- DATA BELOW:

»»

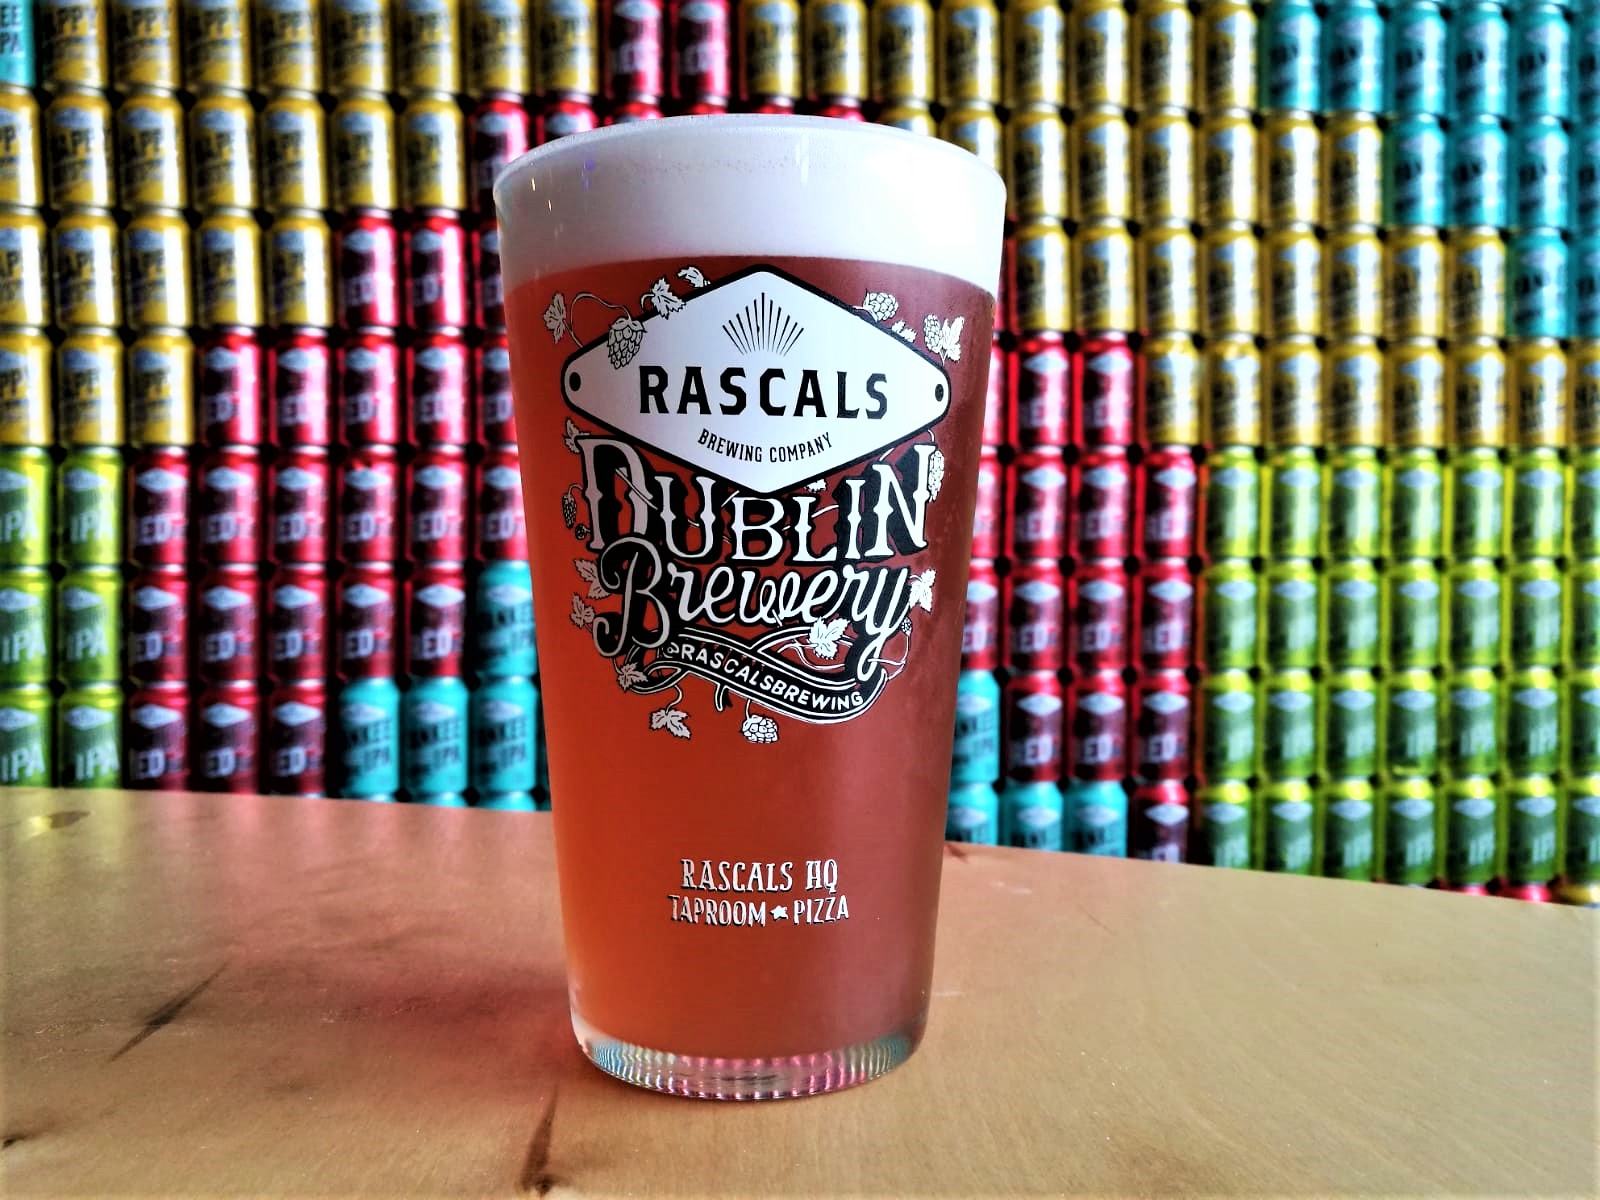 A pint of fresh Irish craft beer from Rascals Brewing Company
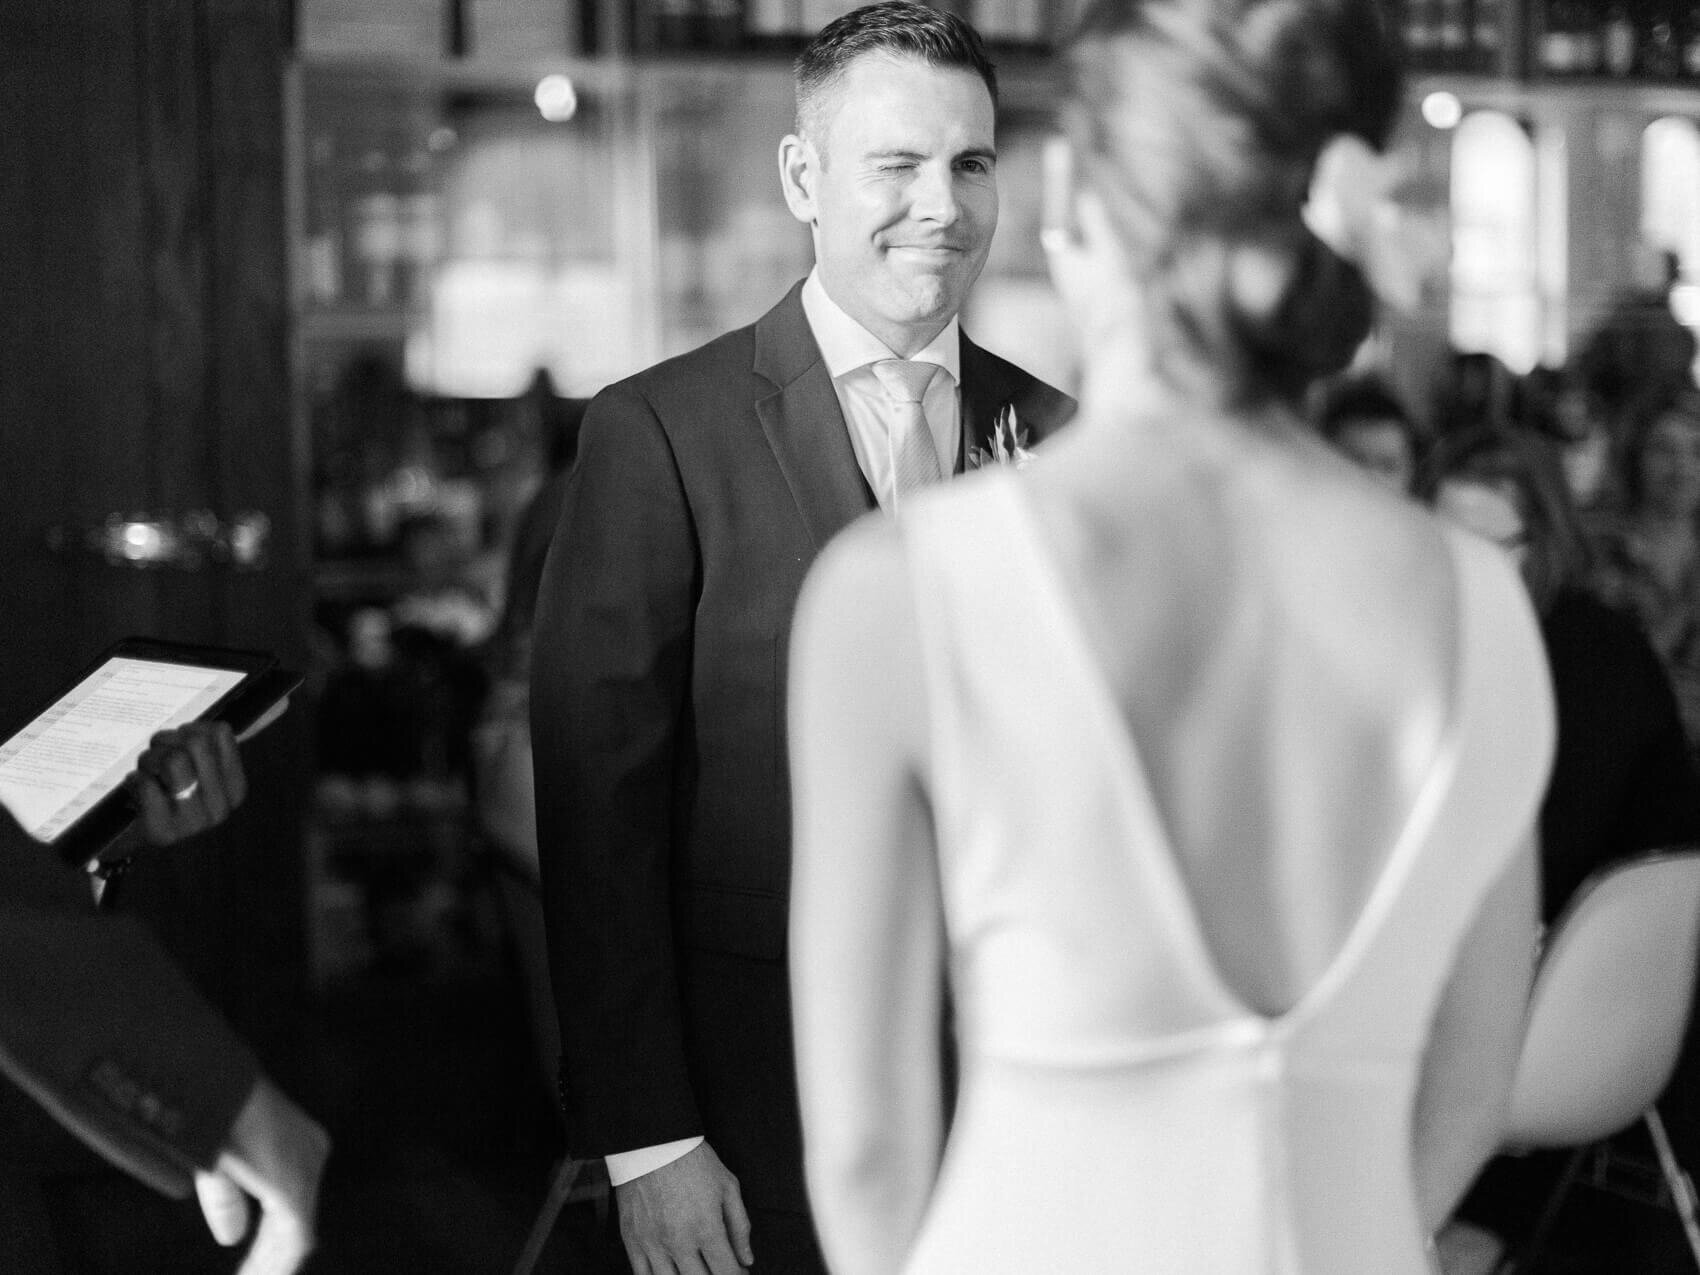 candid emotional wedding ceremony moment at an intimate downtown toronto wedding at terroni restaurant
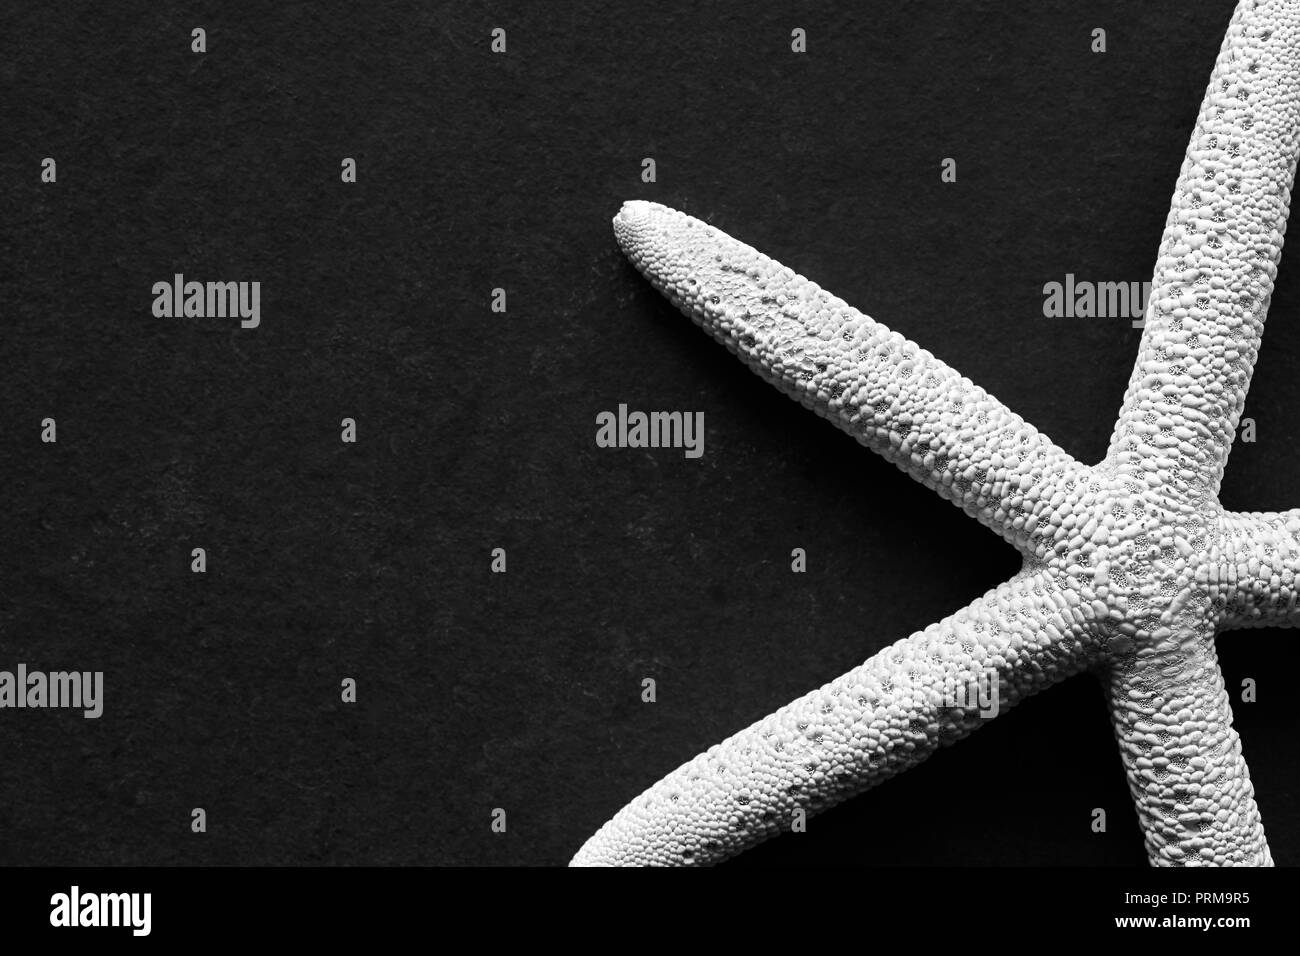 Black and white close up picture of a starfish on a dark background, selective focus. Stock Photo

««

- WHAT TO PRODUCE: Starting at the line that contains "candid emotional wedding", transcribe every line through the end of the listing exactly, including both end lines and excluding pictures.

- EXERCISE RESULT:
 candid emotional wedding ceremony moment at an intimate downtown toronto wedding at terroni restaurant
 Black and white close up picture of a starfish on a dark background, selective focus. Stock Photo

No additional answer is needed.